Colored facet strips add a second layer of grouping information without an extra legend. If samples are faceted by SampleType but habitat membership should also be visible, coloring the strips by habitat lets the reader group panels visually — all freshwater panels share one color, all oceanic panels another. generate_grouped_palette() produces this palette in one call, and passing it to facet_strip_colors in plot_taxonomic_barplot() applies it automatically — something that otherwise requires verbose ggh4x boilerplate.

process_barplot_data() handles aggregation and low-abundance grouping before plotting. The keep_ratype argument controls this:

  • "collapse" (simpler): all taxa below the threshold are relabelled as "low abundant" and merged into a single bin. This keeps the plot clean and is the right choice when you only care about the dominant taxa.
  • "separate": low-abundance taxa are flagged but their original identity is preserved in a <tax_level>_original column. The plot-level label becomes "low abundant", but the true taxon name is retained for downstream use.

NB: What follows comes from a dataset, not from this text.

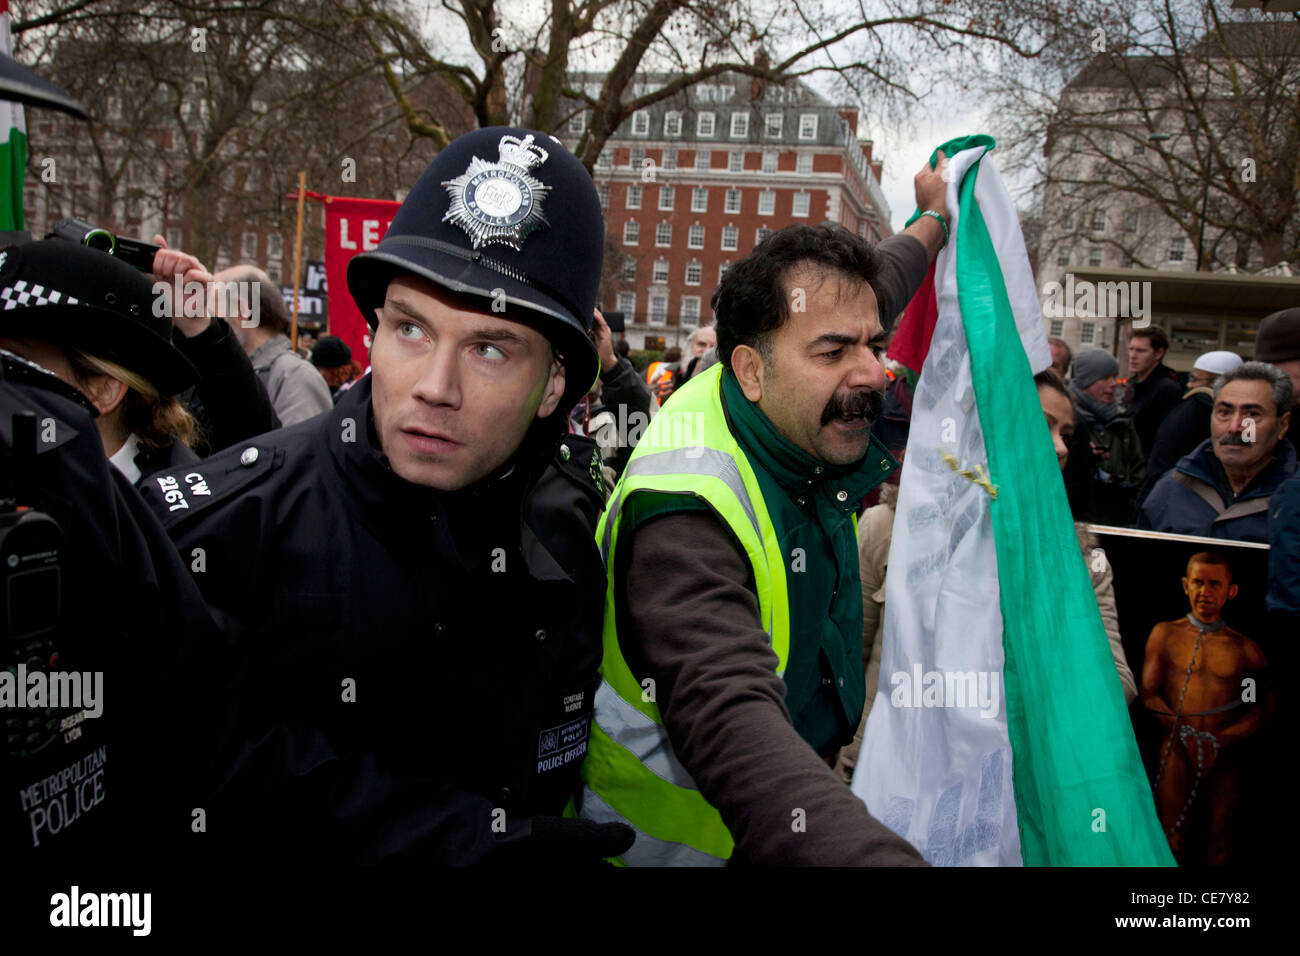 Stop The War Demonstration an der US-Botschaft in London. Freien Iran und anderen Demonstranten Kundgebung gegen Angriffe auf den Iran und Syrien. Stockfoto

Both approaches are shown below.

em_barplot_processed <- process_barplot_data(
  em_cleaned,
  tax_level = "Class",
  group_vars = c("SampleType", "SampleID", "Habitat"),
  low_abundance_basis = "per_sample",
  low_abundance_threshold = 0.01,
  agg_fun = "sum",
  keep_ratype = "separate",
  clean_taxonomy = FALSE
)

# Palette for taxa
barplot_pal <- generate_palette_hcl(
  data = em_barplot_processed,
  tax_level = "Class",
  fixed_colors_enabled = TRUE,
  fixed_colors_position = "end",
  palette_list = c("Reds", "Purples", "BrwnYl", "Blues", "TealGrn"),
  cmax = 65,
  luminance = c(20,90),
    power = 1.2,
    shuffle = FALSE)


# Palette for facet strips — same color family per habitat
habitat_palette <- generate_grouped_palette(
  data = em_cleaned,
  group_col = "Habitat",
  item_col = "SampleType",
  palette_map = list(
    "Terrestrial" = "BrwnYl",
    "Oceanic" = "Blues",
    "Freshwater" = "Greens",
    "Brackish" = "PuRd"
  ),
  luminance = 65,
  power = 1.2
)

# Plot
plot_taxonomic_barplot(
  data = em_barplot_processed,
  tax_level = "Class",
  palette = barplot_pal,
  x_axis_var = "SampleID",
  facet_by = "SampleType",
  facet_strip_colors = habitat_palette,
  theme_obj = theme_phylopal()
) + 
  guides(
    fill = guide_legend(
      ncol = 1
    )
  ) 

Barplot with colored facet strips and separate low abundant taxa

plot_taxonomic_barplot(
  data = em_barplot_processed2,
  tax_level = "Class",
  palette = barplot_pal,
  x_axis_var = "SampleID",
  facet_by = "SampleType",
  facet_strip_colors = habitat_palette,
  theme_obj = theme_phylopal()
) + 
  guides(
    fill = guide_legend(
      ncol = 1
    )
  ) 

Barplot with colored facet strips and collapsed low abundant taxa

Alluvial plots

Alluvial plots show how taxonomic composition changes across groups — which taxa are present everywhere, which are unique to one condition, and which shift in abundance between groups. phyloPal automatically classifies taxa as shared abundant, shared low abundant, unique abundant, unique low abundant, or shared mixed abundance (abundant in some groups, low in others). These categories determine both the color assigned to each taxon and its stacking position — shared taxa appear at the bottom, unique taxa toward the top, and fixed categories like "unknown" and "low abundant" always occupy consistent positions.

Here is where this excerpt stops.